Read Deathstalker Rebellion Online

Authors: Simon R. Green

Deathstalker Rebellion (76 page)

“Don’t do that! It hurts.”

“Be quiet, you big baby. Pay attention. See that flunky carrying a tray full of drinks?”

“Of course I can see him. I’m not blind.”

“Then, keep watching. One of those glasses, the one with the crimson streaks in the stem, is headed straight for dear Daniel. And there’s enough poison in it to see off a regiment of nuns.”

“Are you crazy!”
People turned to look at him, and he gave them a brief meaningless smile before lowering his voice. “
Have you lost your mind, Lily?
You’ll get us both executed!”

“Relax, Michel. I know what I’m doing. Since the Chojiros said we couldn’t actually blow up our respective spouses with their explosives, I’ve had to make other plans. The poison is completely undetectable, unless you know exactly what you’re looking for, and by the time they can ship the body back to a civilized pathology lab, all traces will have disappeared. The waiter’s working under a posthypnotic command. I told you my witchy gifts would come in handy. His mind will wipe itself clean of all memories of the incident once he’s passed the right glass to Daniel. You see, I’ve thought of everything.”

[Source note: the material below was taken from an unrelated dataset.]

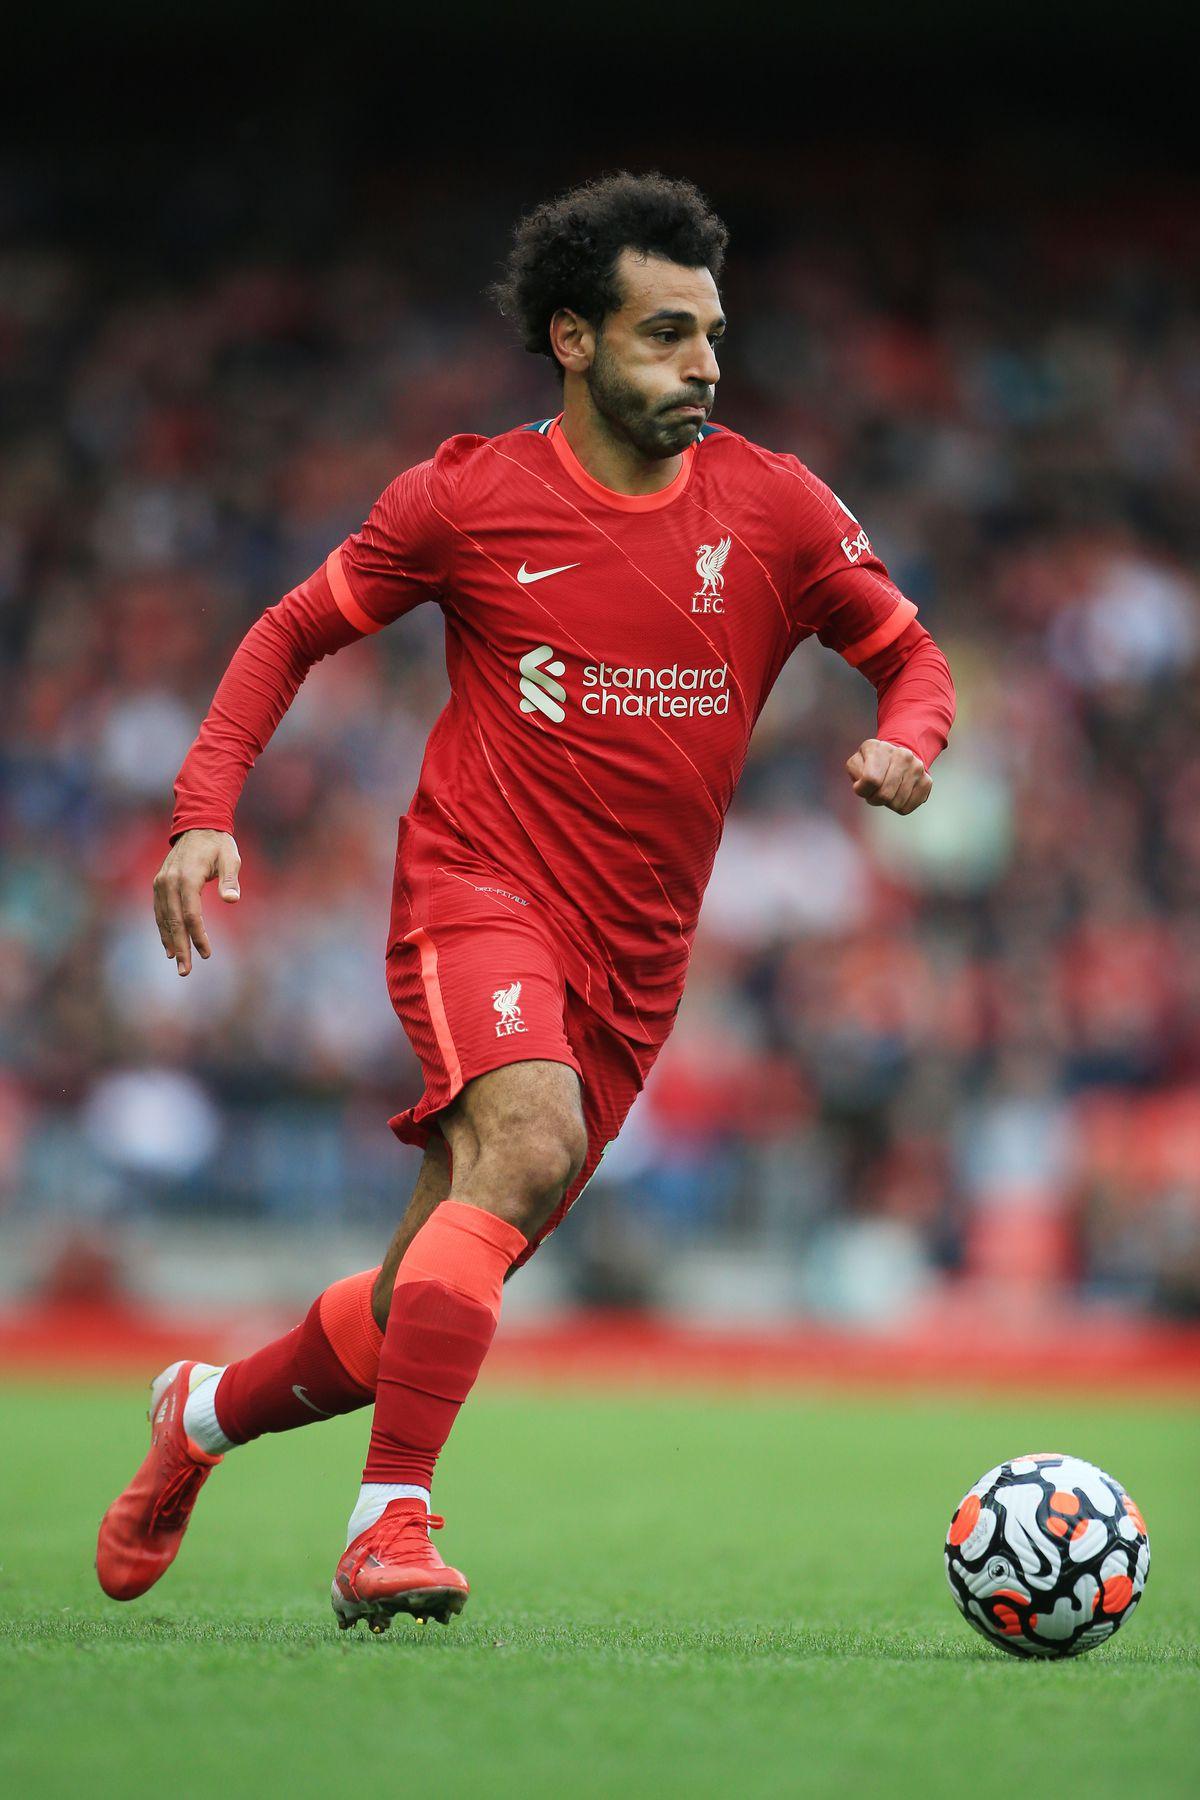 Liverpool v Athletic Club - Pre-Season Friendly

“Not quite,” said Michel, fighting hard against an urge to take her neck in both hands and squeeze till her eyes bulged. “They’ll know it was us anyway, because we’re the only ones with a motive! The first thing they’ll do is have an esper look inside our heads, just in case!”

“Nonsense. Daniel’s death will be blamed on the rebels, just like everything else that happens here. And I will finally
be free. If everything goes as planned, we can try the same trick on Stephanie later.”

Lost for words, Michel could only stand and stare dumbly as the waiter carried his tray of drinks past the various personages, subtly turning his tray so that they took the glass nearest them and not the one with the poison in. Lily grinned broadly and squeezed Michel’s arm with both hands. Which made it all the more heartrending when Half A Man ignored the glass he was supposed to take and reached across the tray to take the glass with the crimson-streaked stem. Lily’s eyes widened, and she clapped a hand over her mouth to muffle the squeals coming out. Michel thought he might faint. Killing Daniel Wolfe was one thing. Poisoning the extremely important and well-connected Half A Man was quite another. The Empress would move heaven and earth to find out who was responsible. Starting with a complete esper scan of everyone present, on general principles. And
Sorry, it was a mistake
wouldn’t go down all that well as an explanation. But there was nothing they could do. They couldn’t say anything without giving themselves away. So they just stood and watched helplessly as Half A Man raised the glass to his half a mouth and drank deeply.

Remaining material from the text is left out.